Thank You Sampson this is what I was looking for :goodpost: Very good post. I have actually visited some bully forums and was told that most bullies don't pass the hip testing... So I was trying to give some other bully folks the chance to respond to that I am always open to learning more. I am pretty firm in believing that dogs should be health tested in these times. And that you should know and be aware of any health problems that surround your dogs in the first few generations prior to breeding that dog. Obviously you would need to outweigh the benefits/risks of breeding that dog depending on the results.


----------



## Black Label Romo

I do believe she was talking to me Sampsons Dad lol...
sorry for the confusion!


----------



## Sadie

Sampsons Dad said:


> I am not talking abut APBT ...I am talking breeders in general.
> We have the same problem in Mastiff breeders.


I am sorry I should have quoted  I was speaking to Lone Star .. Your answer was much appreciated and very helpful


----------



## Sampsons Dad

Sadie said:


> I am sorry I should have quoted  I was speaking to Lone Star .. Your answer was much appreciated and very helpful


:woof::woof::woof:


----------



## Black Label Romo

I agree awesome post Sampsons Dad...
And thank you for the links! I will definitley be looking into this more!! I'm always ready to learn...
Good topic Sadie thanks!


----------



## Indigo Bully Connection

Well, in MOST cases you cannot judge a dog by it's outward appearance. That is why there are things like health testing. I know I've heard of a couple of breeders who took a dog in knowing it would fail and it passed and vice versa. It's much more common in the GSD world. IMO, if there hasn't been health testing to start with how can the community lump their dogs together and say "oh, it's a lost cause... they're a bully and there's no need in health testing because i know he will fail". That is pure crud I tell ya! 

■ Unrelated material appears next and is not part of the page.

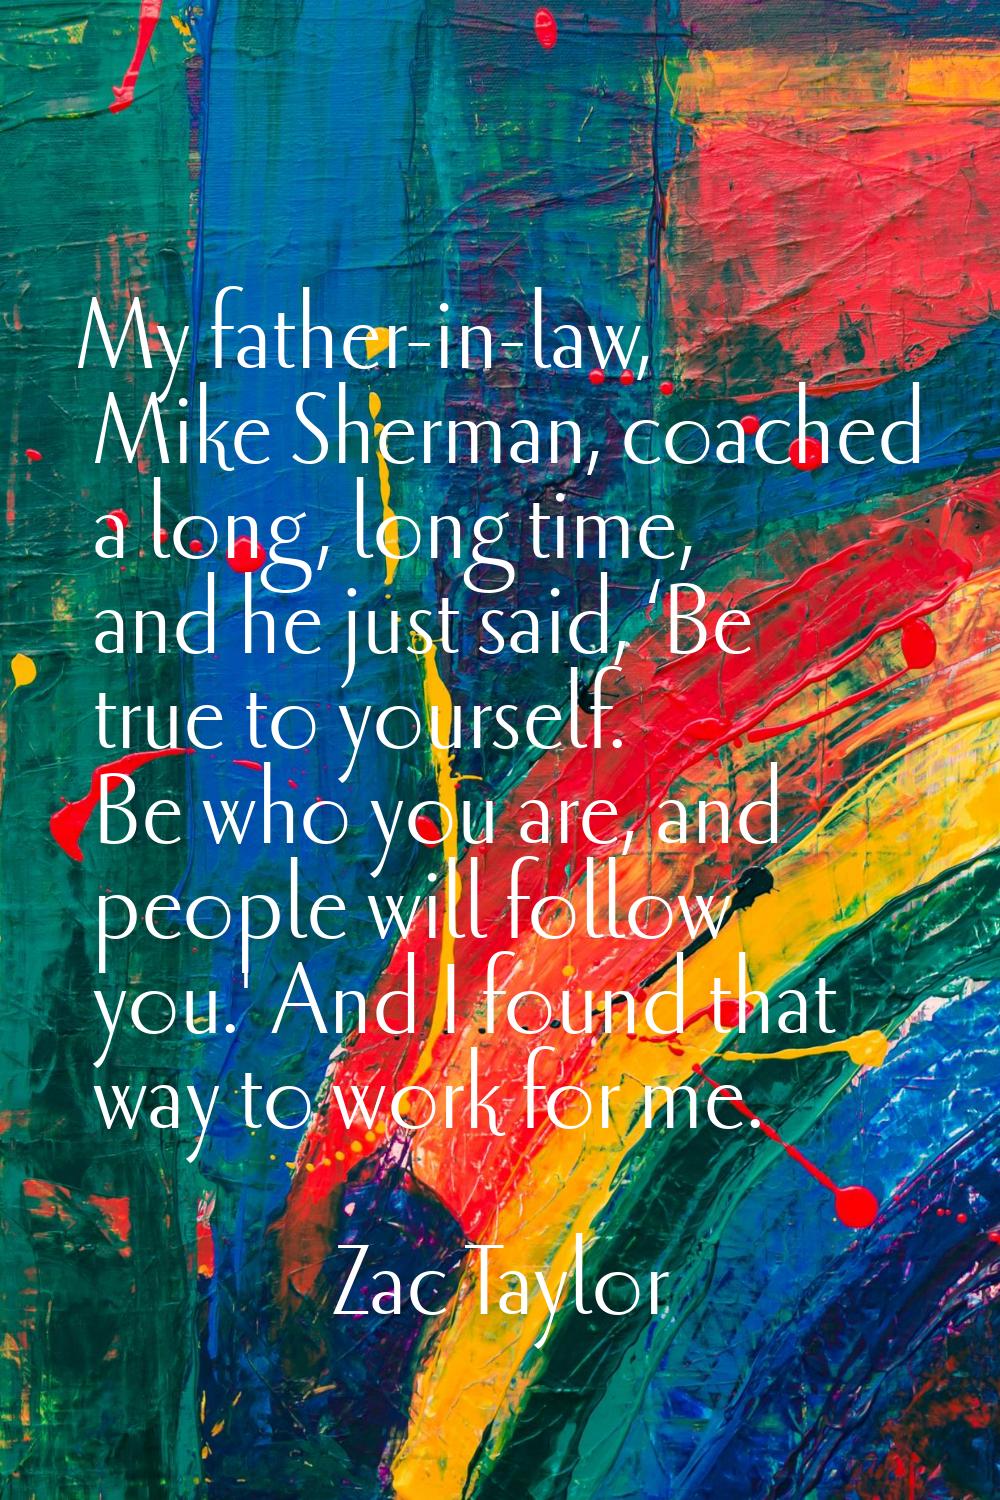 My father-in-law, Mike Sherman, coached a long, long time, and he just said, ‘Be true to yourself.

What it all boils down to is that people are far too sensitive to invest their money into a test that could come back as a negative, thus tarnishing the reputation of their kennel. When they have had their hearts set on banking on their dogs reproductive system from the moment the turn on the computer screen to Google American Bully or Bully Pits etc. before purchasing their first dogs. Ignorance is bliss especially when your Christmas presents are secure under your tree because of the money you made pawning off those Christmas puppies.


----------



## BullyTheKid

*Health testing is relative new even in the show world of the American pit Bull terrier, by new im saying 10 years, with a boom of requiring health tests in the last 5 years.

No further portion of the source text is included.